As my fingers were flipping through today’s papers, my eyes were craned to the pictures the articles embraced. The photo of the man grieving in front of his burned book store summarized the whole article. I looked into his eyes. They were as red as the blood flowing in Baghdad. They were sad and miserable. I kept looking. I didn’t even read the captions. These eyes were speaking, thinking, crying and telling a story, a story of horror, pain and sorrow. The hand comforting him on the shoulders added more stories to what his eyes already said. I knew what these eyes saw. I saw that too. I knew what this hand trying to do. I had mine comforting someone too. I knew how that place looked like because I was there too.
I read the caption and I wish I didn’t. “Mohammed Salman grieves at the site of a book market in Baghdad where a car bomb killed his brother and 37 other people March 5, it read. Yes, it was the last place to die in a dying city which once was the castle of the Arabian Nights. I kept looking and wondered how many people like this man are going through the same feeling.
“After 4 years of war, survey finds a nation fragmented by fear, USA Today’s headline read. Fear. Have you ever experienced it? It’s scary. It makes your heart wants to jump out of its place. It makes all your senses work at once. Your ears hear every drop of water in the sink even though it’s far away. Your eyes become as sharp as Superman’s. You can see the tiniest bug standing on the wall.
Your arms shape themselves in a way that they can help you defend yourself if danger comes closer. Your legs warm up as if they start running. Your nose smells danger. Your mouth watches the words going out of it and your tongue pushes the saliva back to your throat. At the end, these senses either help you survive or let you die. But you can train them. Seriously. However, in Baghdad, you don’t have to do that since they are already trained.
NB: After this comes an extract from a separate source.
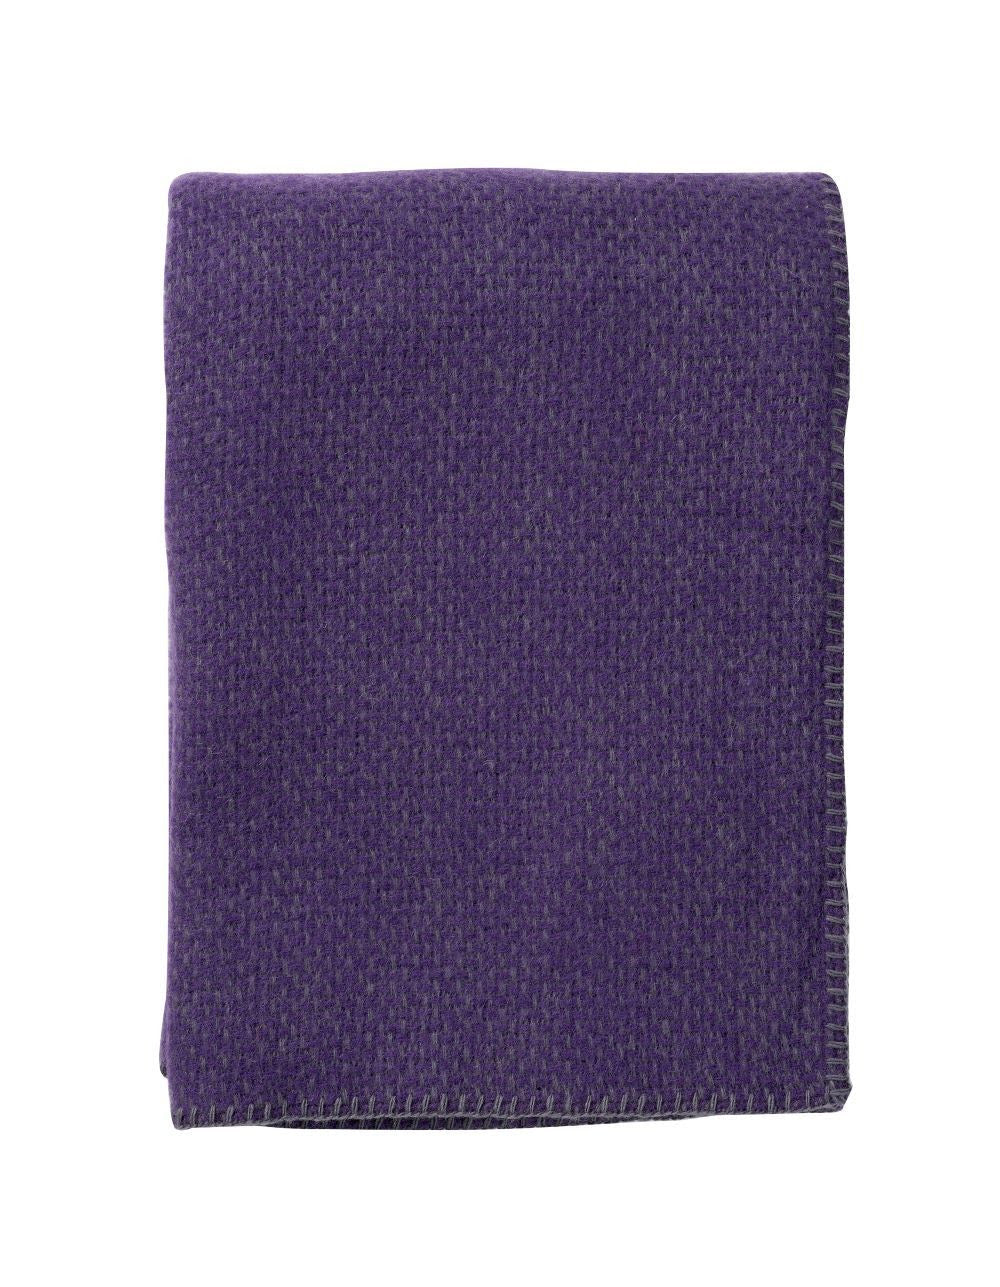 Klippan wool blanket 130 x 180cm Domino Throw Purple

When the bombs started falling four years ago, all my senses were functioning. I even felt the vibration of the floor shaken by bombs. How could I forget that feeling? It shook my mother and let her fall into tears of fear. All her senses were working at that day.
Maybe more than mine and my sister’s. She was listening to every bomb, every artillery shell, every bullet. The sound of sirens freaked her out more than the sound of the bombs. It freaked me out too. Until this moment, I feel the contractions in my heart when I hear it.
Yes, I still hear it. You may be shocked but they are the same sirens American fire stations use when there is emergency. In my first week here, I heard this sound when I was in my friend’s house. Unconsciously, my heart beat so fast that it reminded me with every single bomb and siren I heard in Baghdad. It was the last thing I’ve ever wanted to hear here.
As I opened my eyes this morning, I kept thinking as I was still on bed. I needed to get up to get ready to work but couldn’t but remember how things changed in four years. Upside down, all I could describe. Four years, one, two, three, four, I counted. Wow! Four years of my life. I didn’t feel them. They ran so quickly. I recalled the end of my college senior year, my job, my father return from Libya, my sister’s wedding, my mother’s car bomb survival, my friend’s mother car bomb death, my friend’s desperation, Saddam’s execution, the elections, the referendum etc.
Above all I remembered the sense of fear. I recalled how horrified I used to be every single day walking in the streets, sitting at home, going to work. I recalled the dead bodies I used to see almost every day, the pieces of flesh, the blood pools, the cut legs, arms and heads. Could I forget the things I saw at the Baghdad morgue? Of course, not. They are built-in my brain like the motherboard in a laptop.
Although I lost a lot, but I gained a lot too. Strength, will to live, experience, courage, and feelings for others are things I gained. Above all, I gained a precious thing, loyalty and more love to my country.
Today marks the fourth anniversary of the U.S.-led invasion to Iraq. A sad and happy memory for many people. None of us-Iraqi and American people-wanted the war to go in this direction. We dreamed of peace and real democracy but our leaders let us down.